I would like to know what a reasonable hourly wage in South African Rand would be for a South African, living in South Africa, who is in their fourties and has graduated from university (in IT in this case). I'd also like to know what is a reasonable wage for a days work for such a person.

The person's already done a job for me, which should have taking, maybe, 5 hours to do, and i paid him $50, which worked out to be about 388 Rand.


I, myself, am not a South African - i'm British and live in the Uk. I'm doing business with this person who lives in South Africa, and wanted to know a fair amount to pay them.

I met this person on an international business website, and for me (and most employers who use such sites) a major benefit is to get jobs done for much cheaper than we would get them done in our own countries. 

However, as much as i want my jobs done for as cheap as possible, i don't want to exploit anybody.

Yours answers would be appreciated.

Thanks in advance.

Oputa


----------



## vegasboy (Apr 28, 2010)

In his 40's and a Uni graduate in IT? If he was full time employed I would guess he would earn a minimum of R40 000 per month, depending experience and a lot of other factors. It is pretty much a days work (5 hours) he put in for you, so do the math to give you an idea.

$50 would be, in my humble opinion, an insult. But then again, I don't have all the facts and figures. If he is unemployed, he may be grateful for the $50, who knows?


----------



## Johanna (Apr 13, 2009)

No it is not fair.


----------



## oputaossai (Apr 26, 2012)

Ok guys, thank you for your responses.


----------



## Aussiegirl2 (Apr 5, 2012)

I agree with the former


----------



## chrisc2615 (Jun 30, 2012)

That is what a housekeeper in a large house would earn, plus she would get food as well. I would say at least R 2000 a day


----------



## GabyS (Jun 26, 2012)

It would be a decent wage for a recent graduate. That's more or less an entry level wage. If the guy is a freelancer who has other better paying stuff on the go and is just tiding himself over then it's OK. It also depends on how menial the job was.

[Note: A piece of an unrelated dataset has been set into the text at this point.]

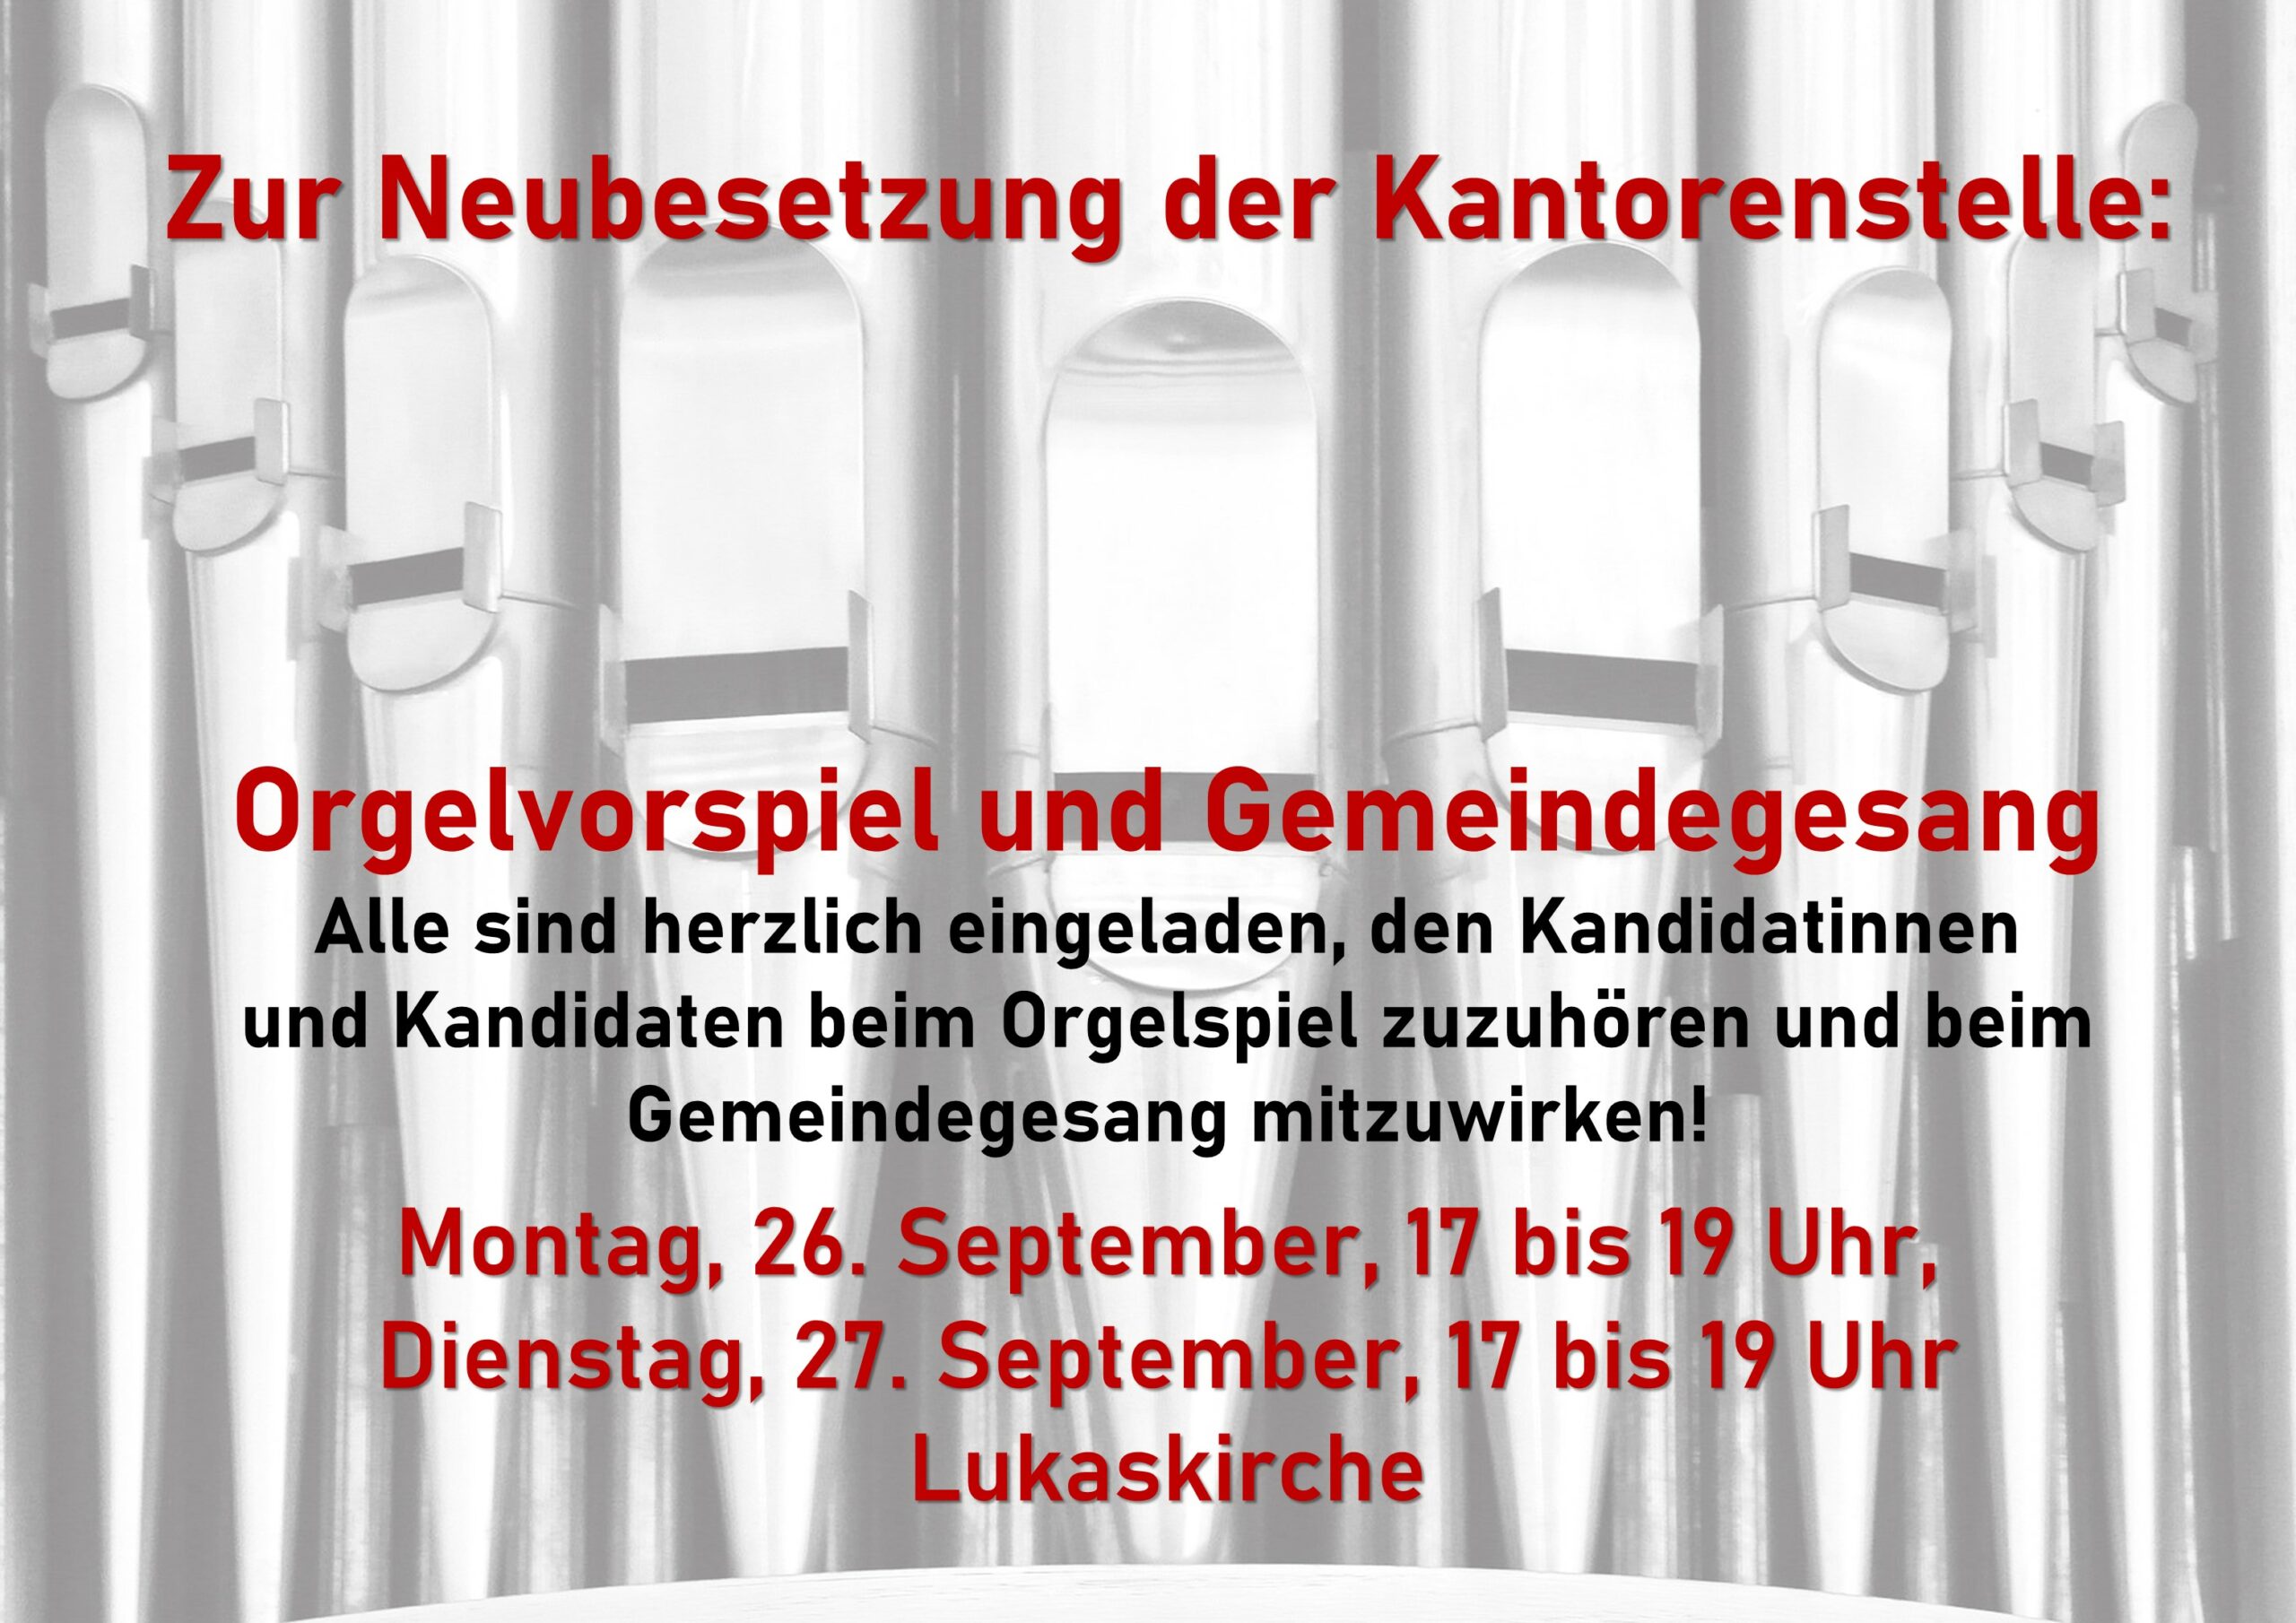 Neubesetzung der Kantorenstelle - Orgelvorspiel und Gemeindesingen - Dienstag, 27. Spetember, jeweils 17-19 Uhr, Lukaskirche, Kaiser-Karl-Ring 25A

I'm a 20-something South African who is used to slave wages though


----------



## chrisc2615 (Jun 30, 2012)

GabyS said:


> It would be a decent wage for a recent graduate. That's more or less an entry level wage. If the guy is a freelancer who has other better paying stuff on the go and is just tiding himself over then it's OK. It also depends on how menial the job was.
> 
> I'm a 20-something South African who is used to slave wages though



If you are getting slave wages then you must have a slave-driver boss. I always endeavoured to pay my staff the maximum that was feasible, but it was always 20% less than they wanted. However, when they applied for a position doing the same work in a different company, they soon realised that they were quite well off.

I think its not so much how much you get, but what you do with it. In the 1960's I started off as a know it all graduate with an insurance co for £ 50 a month. I managed to buy a car within 6 months and save up enough to buy a house 5 years later. I am not saying that I am a paragon of virtue when it comes to money, but some people are always poor, whatever they earn, and some people manage quite nicely. My daughter, on the other hand, who is an architect, gets paid what I consider a sinful amount of money, but she considers it quite average.


----------